[[ Recorded data, beginning ]]

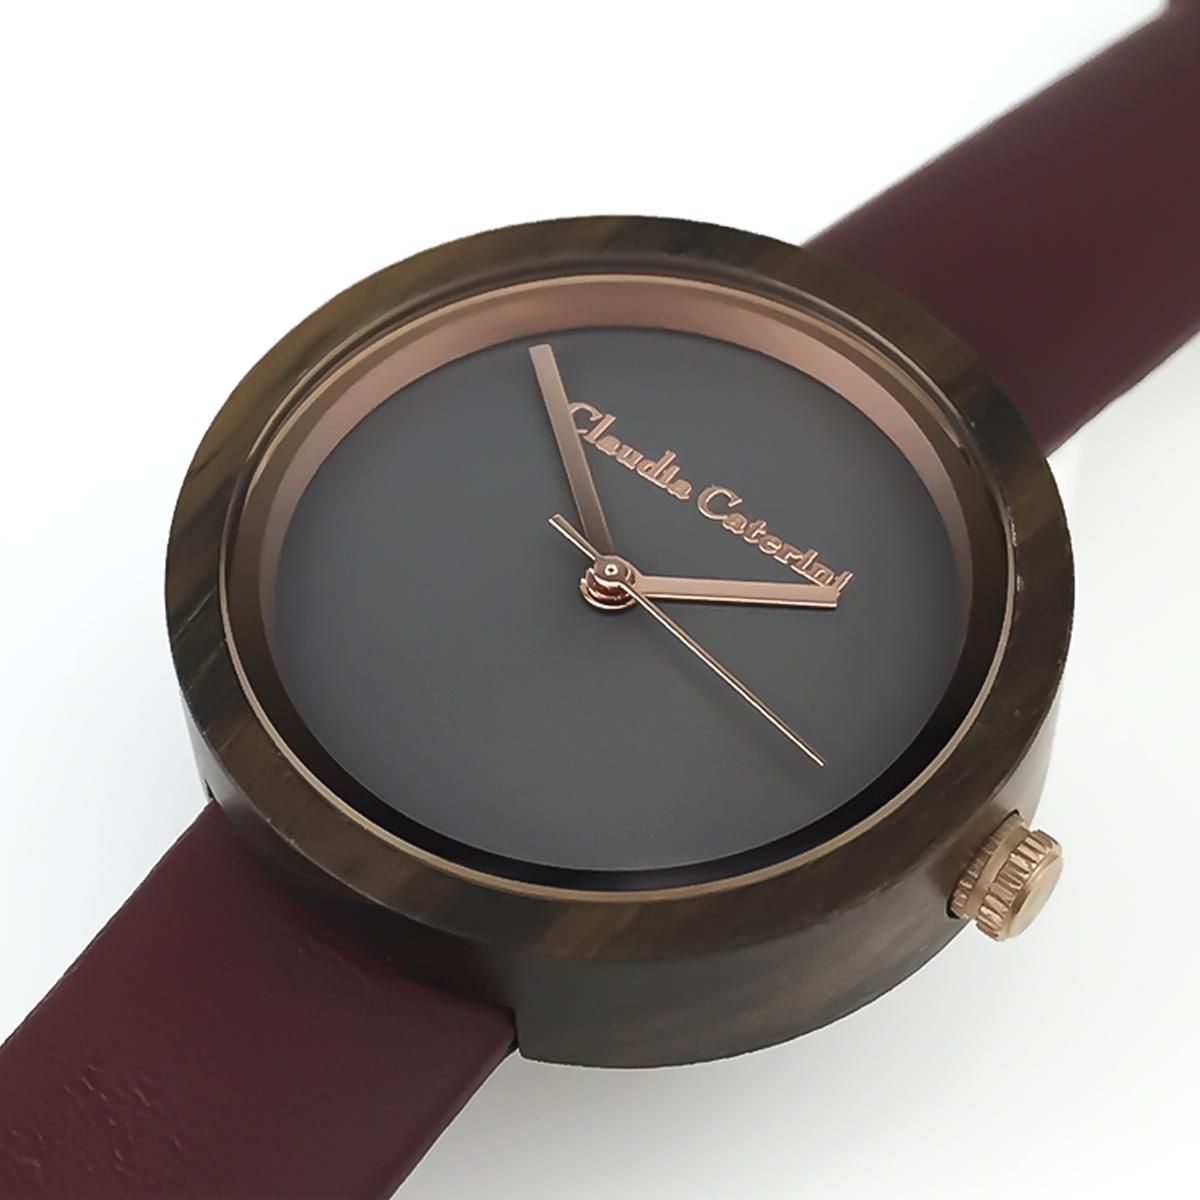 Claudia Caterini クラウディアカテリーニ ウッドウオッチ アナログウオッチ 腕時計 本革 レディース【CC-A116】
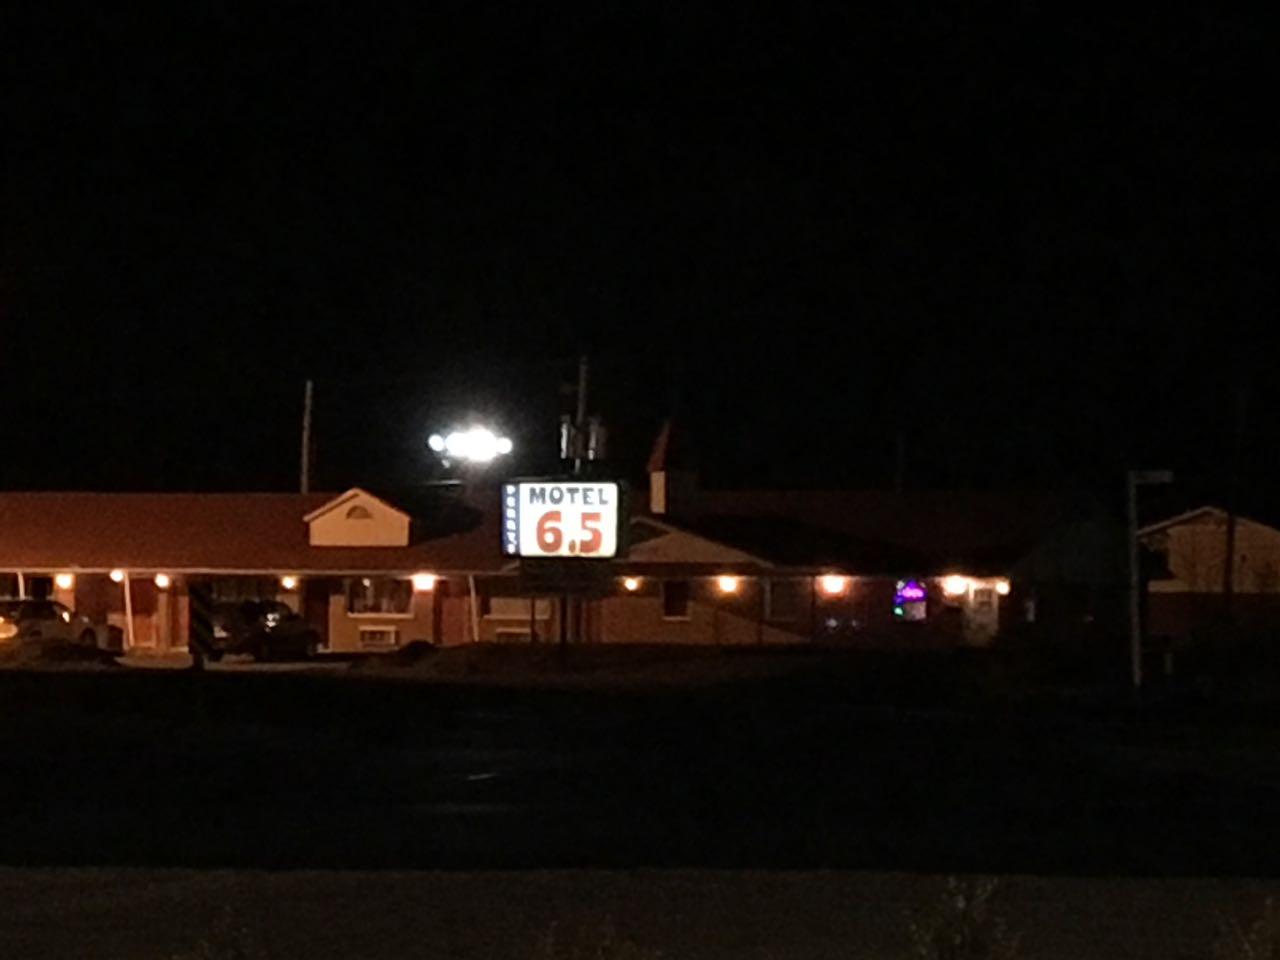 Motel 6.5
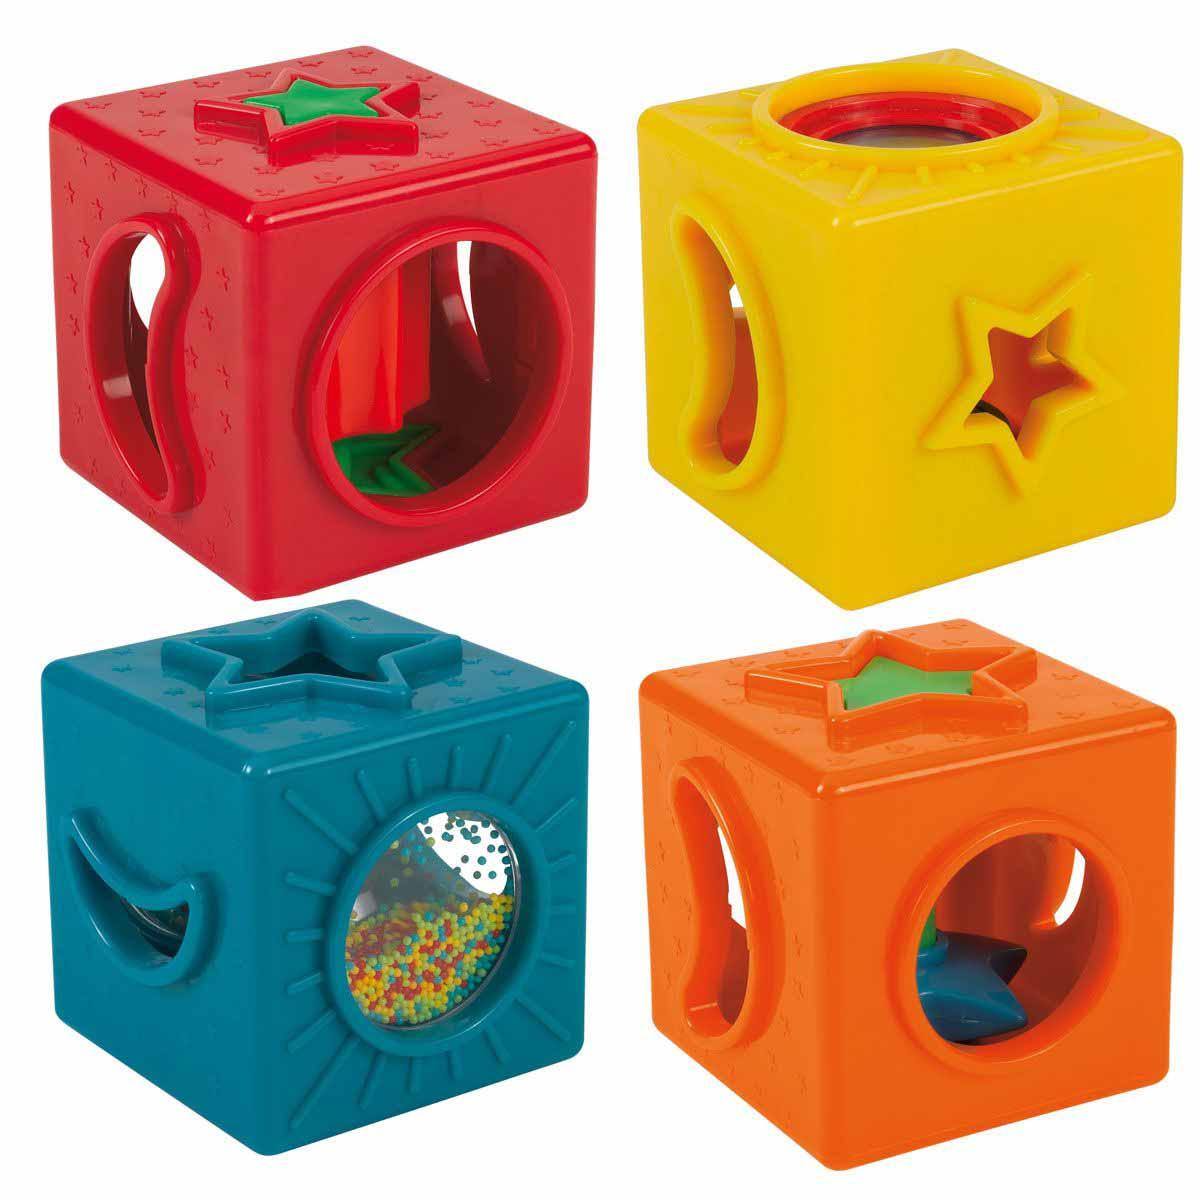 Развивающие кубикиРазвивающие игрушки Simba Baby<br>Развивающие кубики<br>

[[ Recorded data, end ]]

The copy must match the listing above exactly but contain no pictures.

▶ _Solution below_:
 Claudia Caterini クラウディアカテリーニ ウッドウオッチ アナログウオッチ 腕時計 本革 レディース【CC-A116】
 Motel 6.5
 Развивающие кубикиРазвивающие игрушки Simba Baby<br>Развивающие кубики<br>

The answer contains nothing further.